We estimate the unknown \(P\) with the empirical tally matrix, where \(\widehat{P}(x,x')\) is computed by counting transitions from \(x\) to \(x'\) and dividing by the number of visits to \(x\) (modulo some mild smoothing). Tighter upper and lower bounds on the sample complexity were later obtained (see Wolfer and Kontorovich (2021)) \[\begin{equation*} \begin{split} c \left( \frac{d}{\pi_{\star} \varepsilon^2} + \frac{d \log d}{{\gamma_\star}} \right) \leq m_0(\varepsilon, \delta) \leq C \left( \frac{d + \log 1/(\varepsilon \delta)}{\pi_{\star} \varepsilon^2} + \frac{\log 1/(\pi_\star \delta)}{\pi_{\star} {\gamma_\star}} \right) \quad \\ \end{split} \end{equation*}\] where \(c, C > 0\) are universal constants, \(\pi_\star = \min_{x \in \mathcal{X}} \pi(x)\) with \(\pi\) the stationary distribution of \(P\), and \(\gamma_\star\) is the absolute spectral gap –the difference between the two largest eigenvalues of \(P\) in magnitude– that largely controls the mixing time of the (reversible) Markov chain. The bounds are independent of the starting state, but require a priori knowledge of bounds on \(\pi_\star\) and \(\gamma_\star\) to be informative. Notably, procedures exist to efficiently estimate \(\pi_\star\) and \(\gamma_\star\) from the data Hsu et al. (2019) and Wolfer (2022).
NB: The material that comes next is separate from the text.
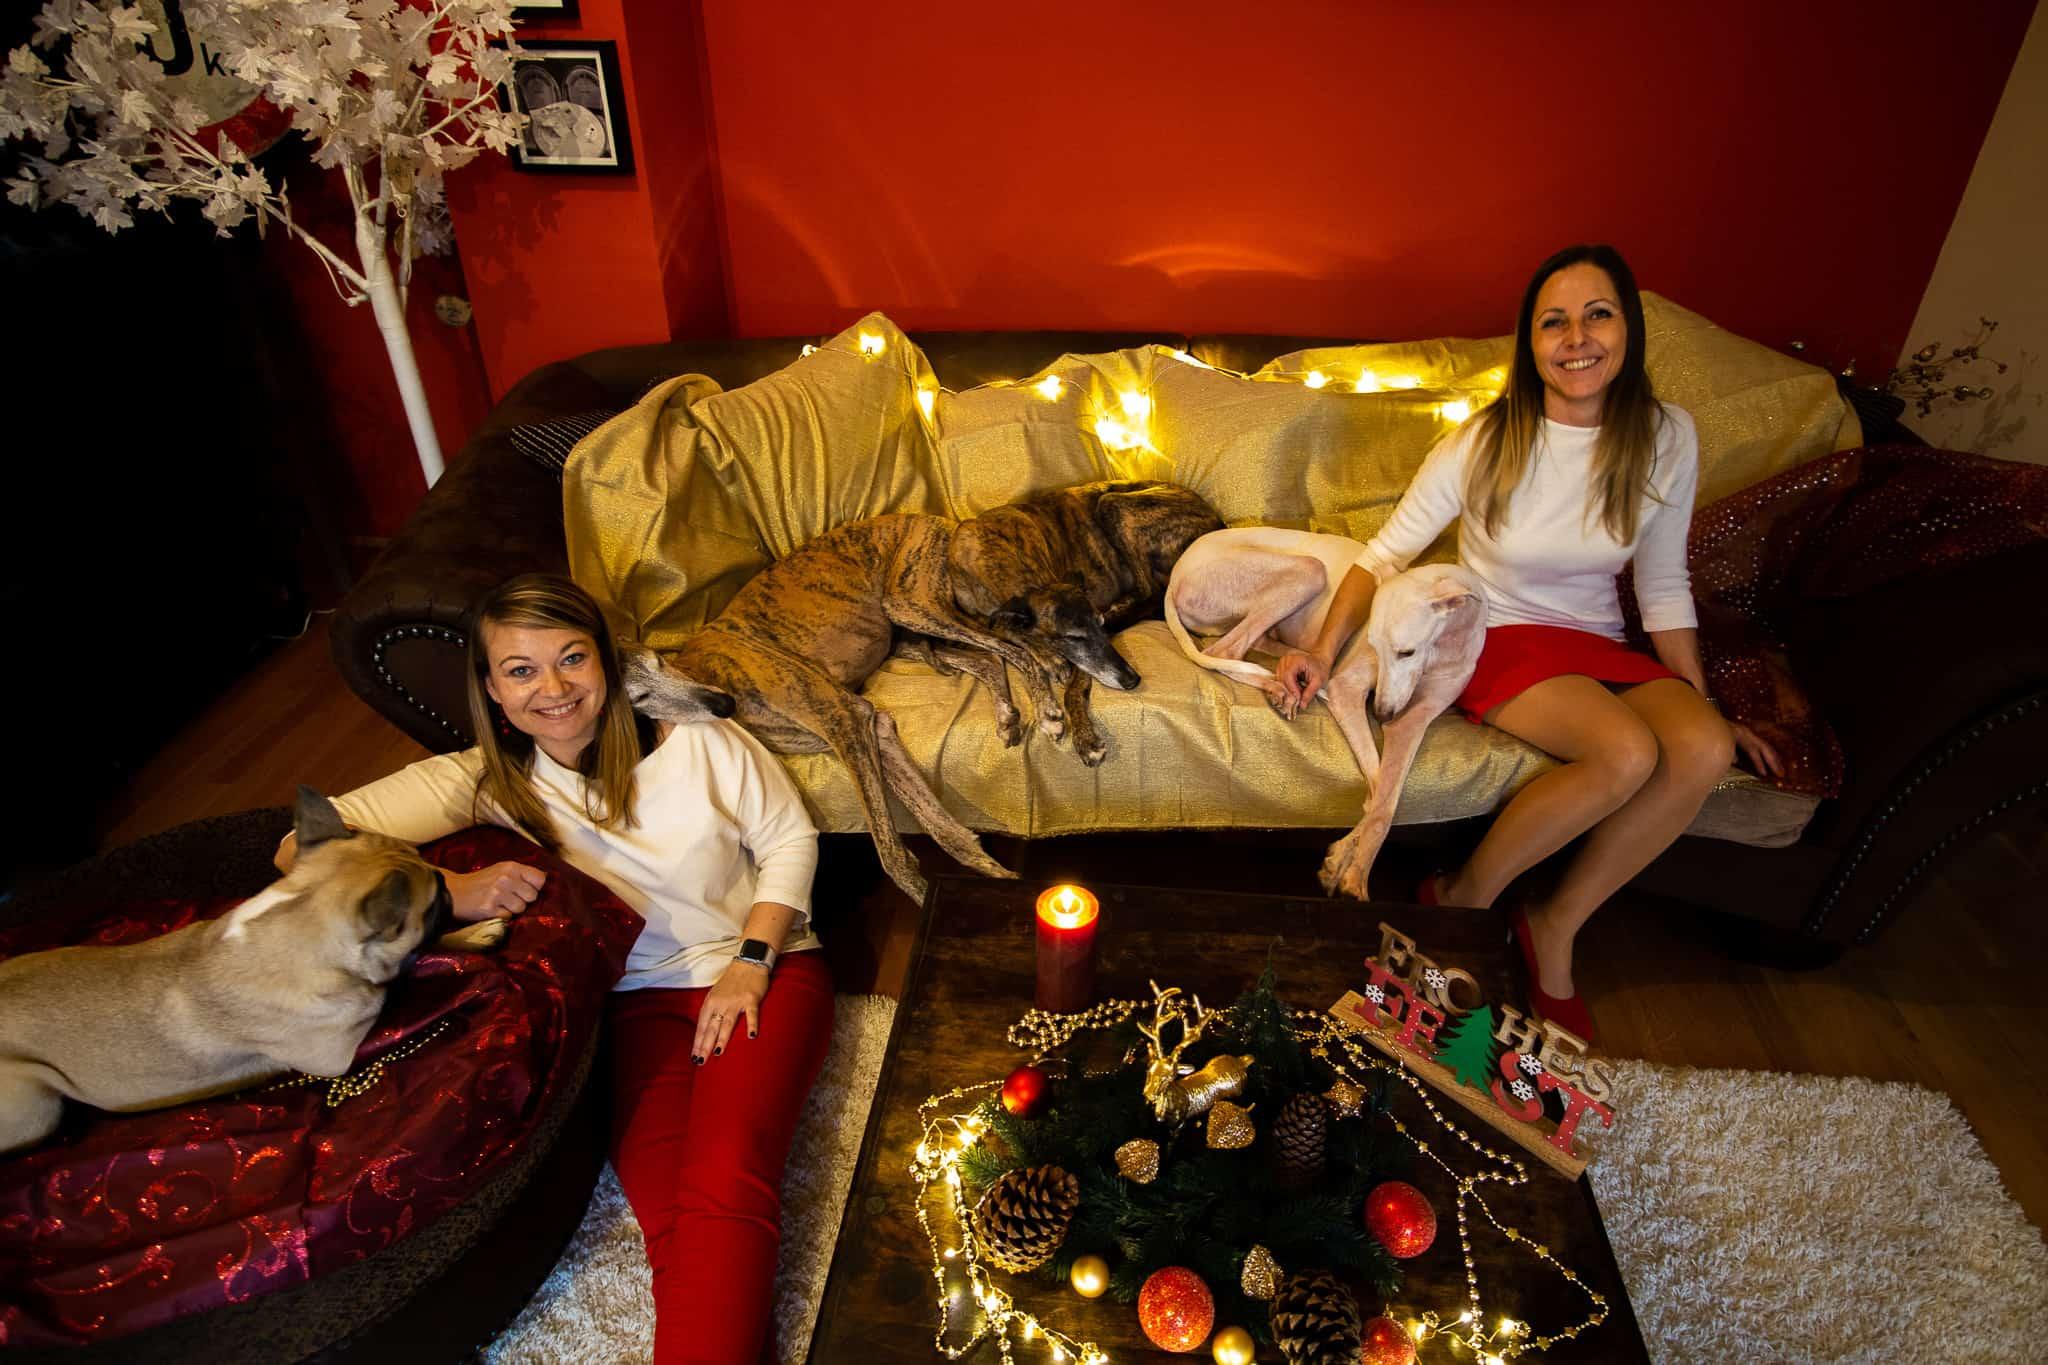 Team Hundereise Frohe Weihnachten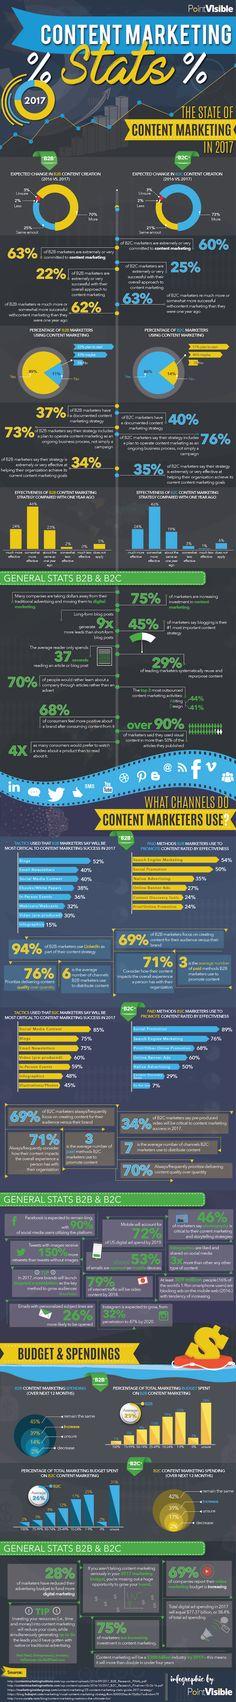 Mastering content marketing

We witness a stark difference between the iid and Markovian settings: a phase transition appears in the sample complexity. Roughly speaking and taking \(\varepsilon\) as a constant, when the mixing time of the chain is larger than the number of states, the second term becomes the dominant one, i.e. the difficulty of estimation is chiefly controlled by how well we can navigate among the states. When the chain mixes more quickly, moving from state to state is not bottleneck, and the harder task is the estimation of the respective conditional distributions. An additional caveat is that the chain will generally not visit all states equally in the long run. As a result, the sample complexity necessarily depends on the proportion \(\pi_\star\) of the trajectory spent in the least visited state. The astute reader may notice that when the mixing time is small and the stationary distribution is uniform (\(P\) is doubly stochastic), we recover up to logarithmic factors the previously intuited complexity of \(d^2/\varepsilon^2\).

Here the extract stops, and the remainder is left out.